あいにく、支配人さんはご不在?あるいは映写室に籠っていたか、お姿は見えなかった。ご挨拶できればと思ったけど残念。
とはいえ、トークショーで聞いた、あれこれの作品上映の苦労話を思い出しながら楽しく待ち時間を過ごせた。
上映前に流す予告編も作品ごとに変えている。この作品を観るなら、次に興味持つのはこれかな?とあれこれ考えてのこと。また、来場者が多く入場に時間がかかれば推した時間に合わせて予告編の数を間引いたりもするとか。
なにより、面白いのは音量調整かな。客の入りに応じて、音を人が吸い込む影響を考慮してボリュームを調整するのだそうな。
この日も、予想以上に入っていた印象。冬、厚着になるとさらに音が吸収されるので、服装に応じても調整するというアナログ感!
CMと予告編と本編でスクリーンのサイズも違うので、バリマスクという左右のカーテンの幅も調整する。シネスコープだビスタだ、スタンダードだと、新旧の作品を幅広くかける下高井戸シネマはその調整も都度都度で大変だろう。
一番興味深かったのは、エンドロールも終わったあとの「黒味」という部分の調整を映画館独自でやっているというお話。
近頃、エンドロールもあれこれ工夫がされてたりされてなかったり。最後にオマケ映像、続編のティザーが流れたりもする作品もあるが、通常、本編の余韻に浸る至福の時間。
Dolby社のマークや制作会社等のロゴが流れ去り、いよいよ終了だが、その後の「黒味」をどれだけ残すかは考えてやってると。作品によってはプツンと切れるものもあるそうな。それじゃあなんだなと、「黒味」の長短を調整し、客電のタイミングを計っているというのは面白い。

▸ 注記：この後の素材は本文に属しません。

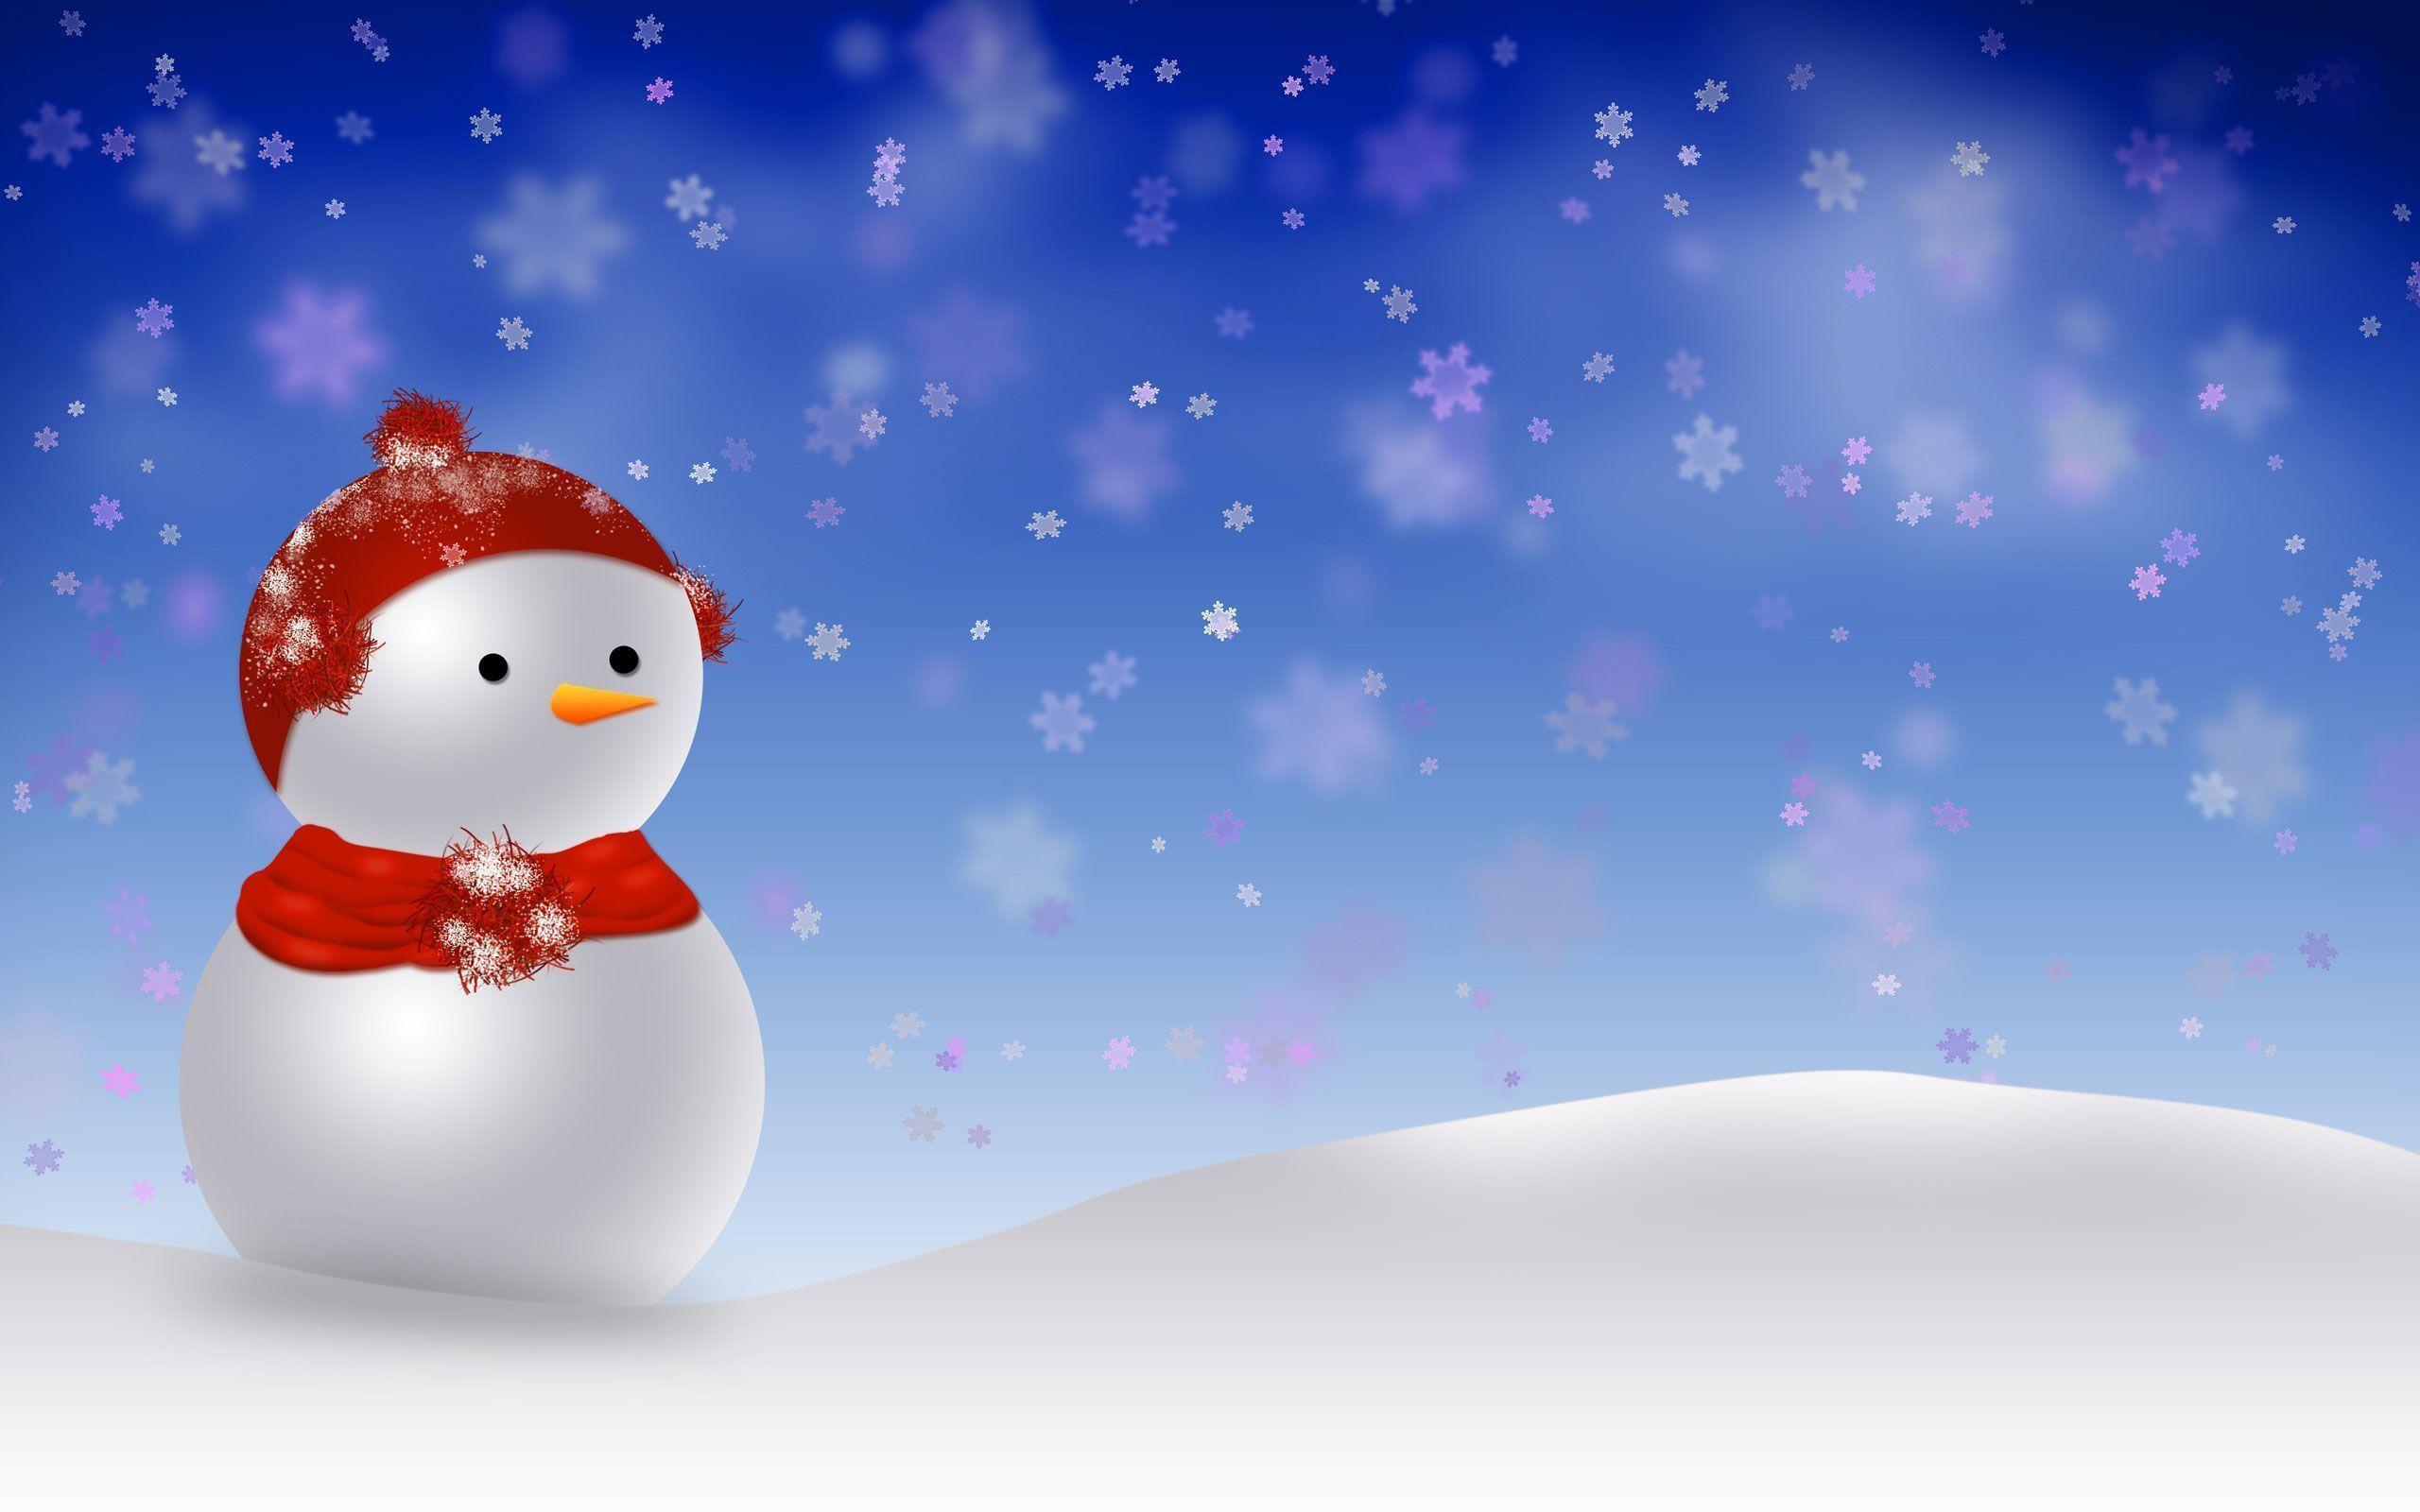 Snowman Christmas Wallpaper

村上春樹は、ロケ弁のケータリング会社がどうだこうだと見せられる意味が分からん!と、エンドロールはとっとと席を立つと何かのエッセイで読んだ。
とはいえ、映画館によっては、こんな形で最後の最後まで作品に愛情を注いでいるんですよ、と伝えたいものだ。
そんなあれこれ、本編の前後も含め楽しめた今回の鑑賞でした。
「プチ・ニコラ」の日本版をやるとしたら、「サザエさん」? いや、児童書なら『窓際のトットちゃん』だな、と思っていたら、この冬、初の映像化らしい。実写じゃなく、アニメで(そのほうが良いね)。
絵のタッチが、原作挿絵の、いわさきちひろの絵ではなさそうなのが、ちょっと残念。いわさきちひろの作風でのアニメ化はそうとう難しいか? でも、日本の誇るアニメ技術を持ってすれば出来ないことではないのでは?
まぁ、それは原作を知るが故の高望みか。静かに、期待してましょう。